* Task prompt:
Could you set down the records below exactly as they are, with no pictures?

(Collection entries)
----
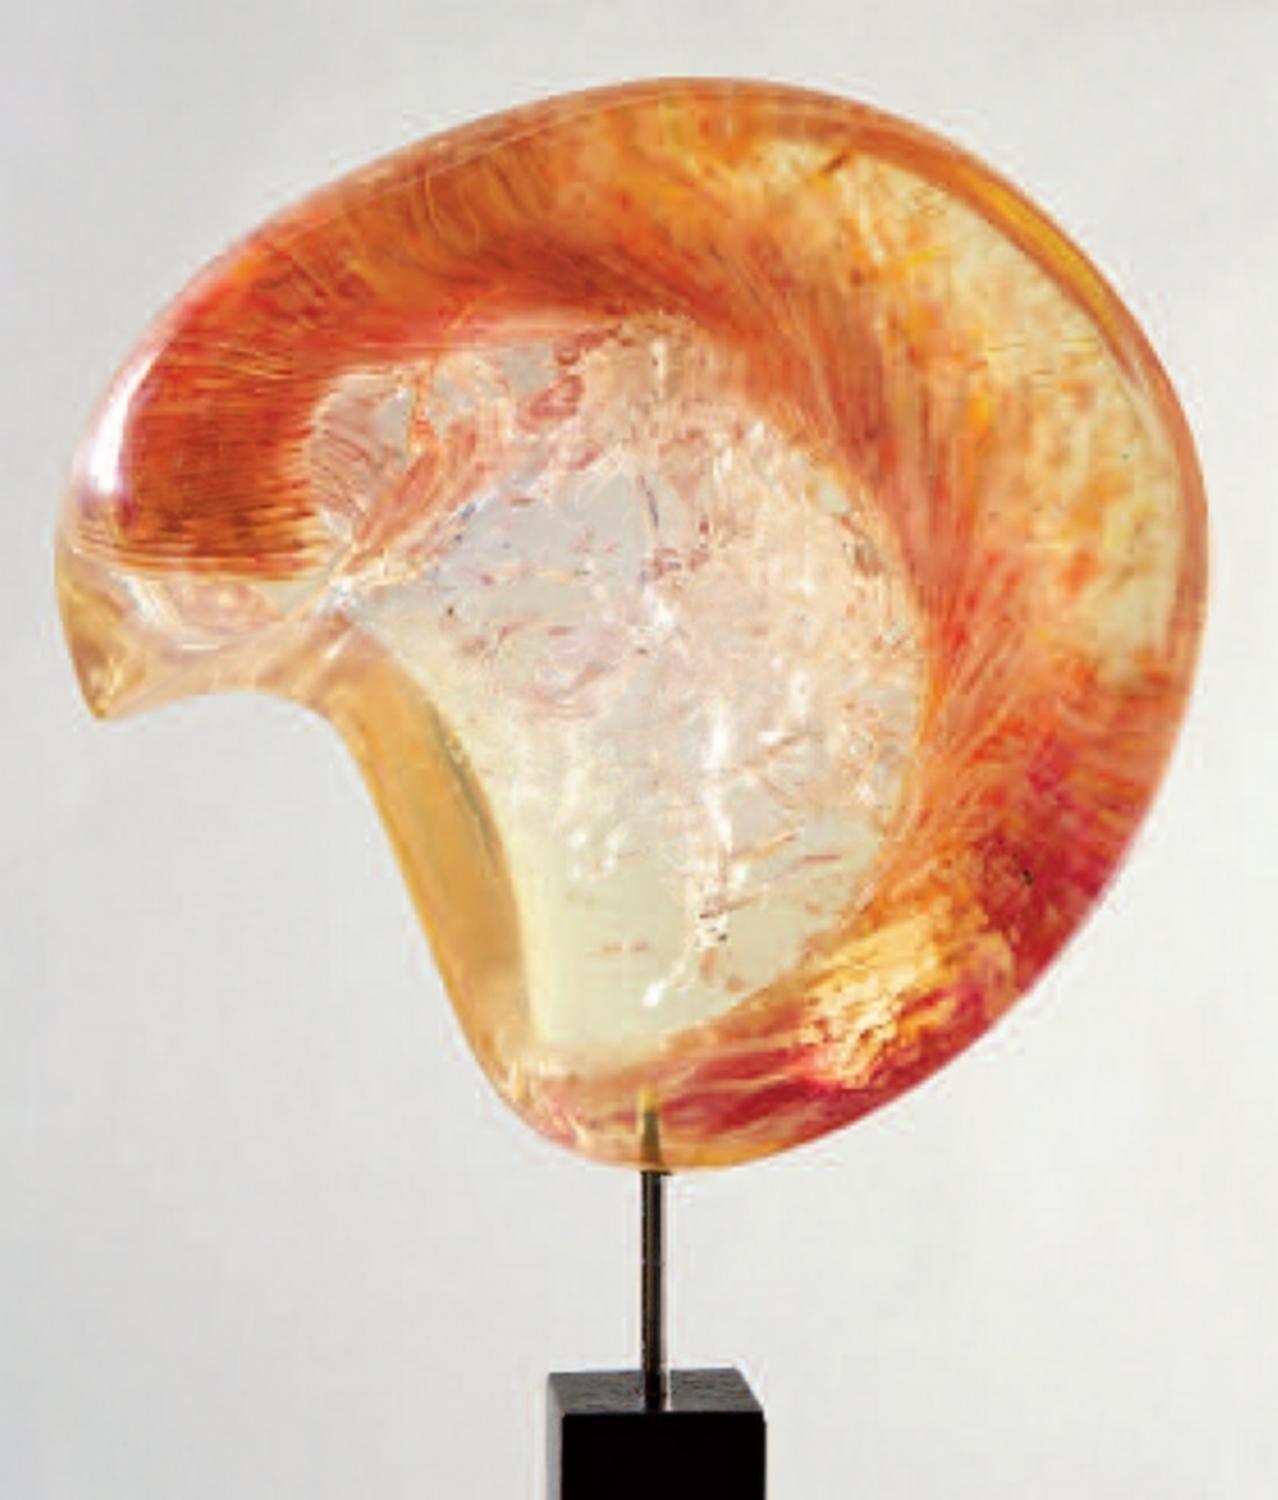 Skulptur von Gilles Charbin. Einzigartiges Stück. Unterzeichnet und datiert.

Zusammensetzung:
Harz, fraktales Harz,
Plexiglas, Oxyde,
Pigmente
----
* Exercise response:
 Skulptur von Gilles Charbin. Einzigartiges Stück. Unterzeichnet und datiert.

Zusammensetzung:
Harz, fraktales Harz,
Plexiglas, Oxyde,
Pigmente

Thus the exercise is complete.